[Given information — start]
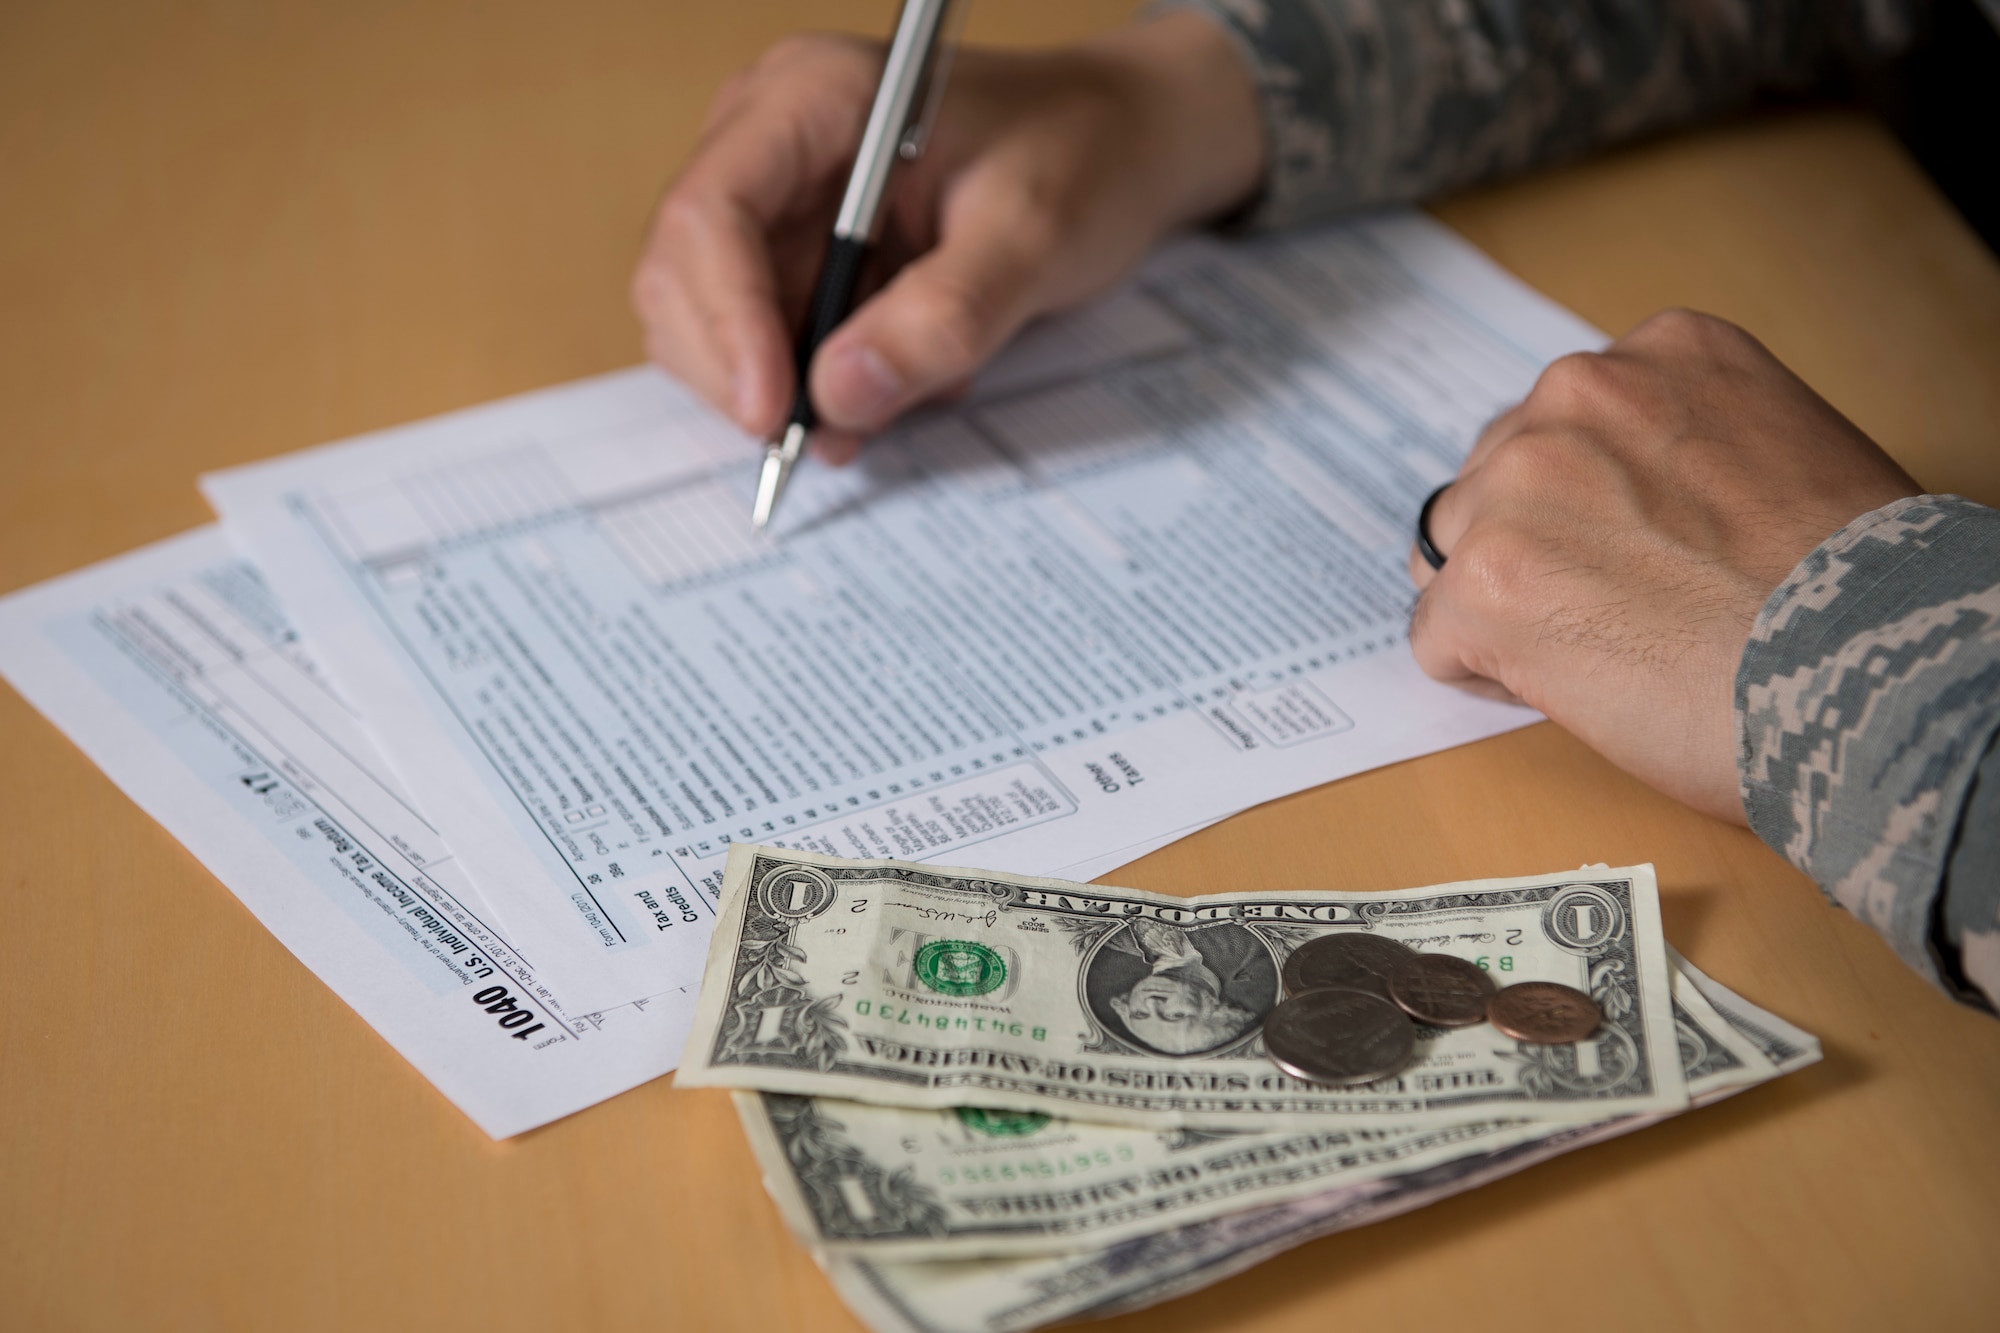 Filling taxes in an overseas location can be intimidating; luckily the tax center at Yokota Air Base provides free help for filling taxes. For more information and to set up appointments contact the base Legal Office at 225-
4927.
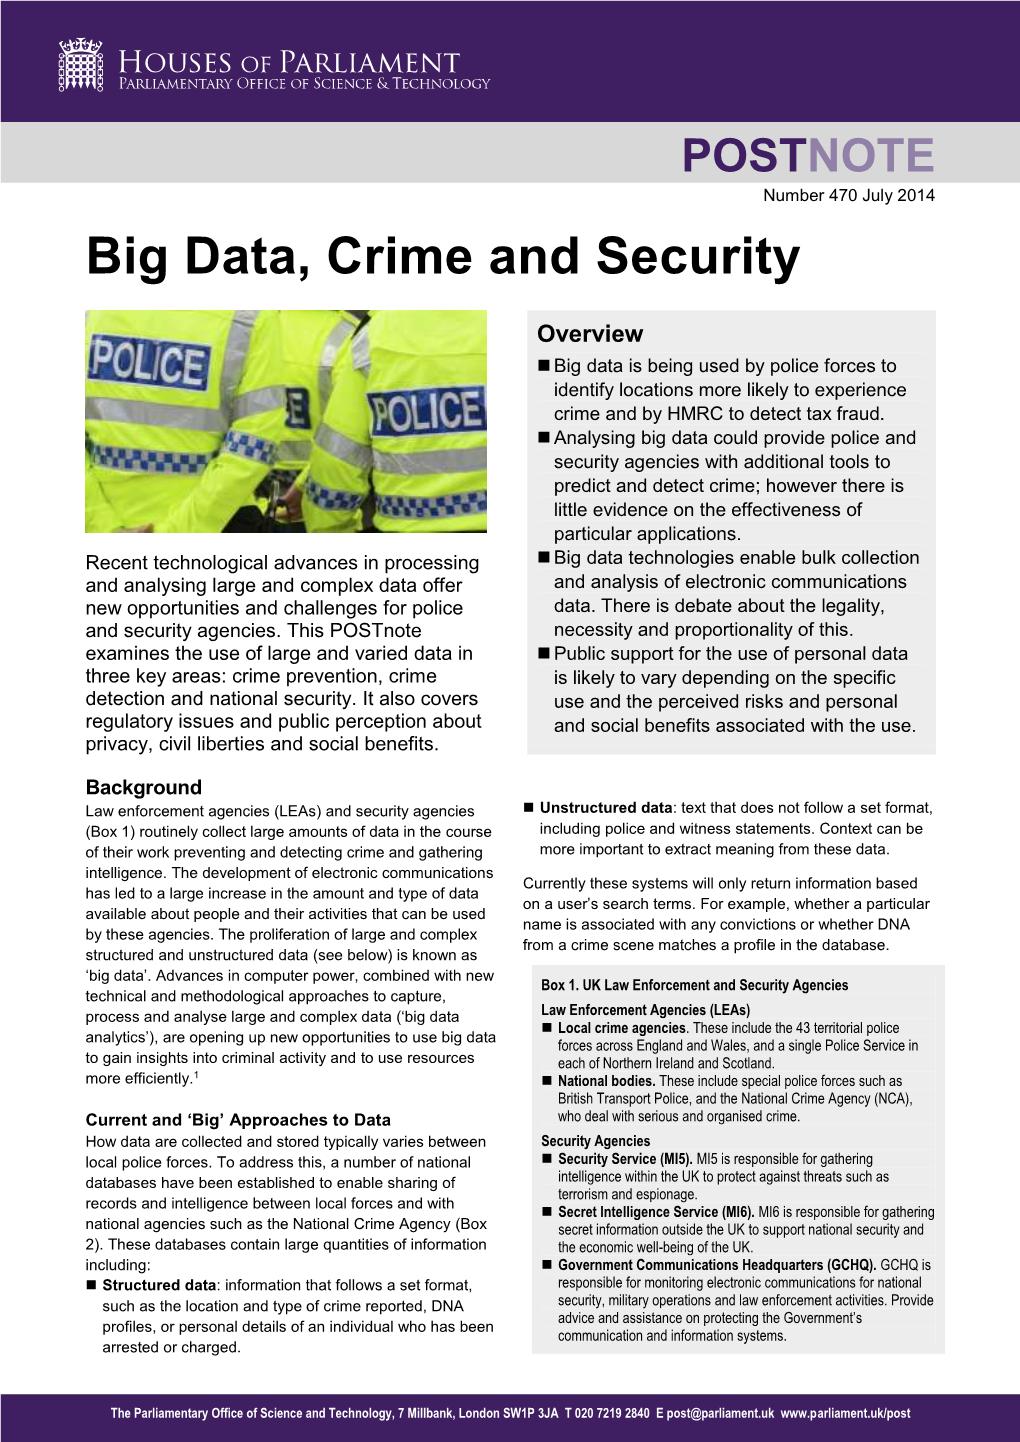 Big Data, Crime and Security
[Given information — finish]
**The problem:** None of the pictures should appear; copy the rest of the material above exactly.

**Written answer:**
 Filling taxes in an overseas location can be intimidating; luckily the tax center at Yokota Air Base provides free help for filling taxes. For more information and to set up appointments contact the base Legal Office at 225-
4927.
 Big Data, Crime and Security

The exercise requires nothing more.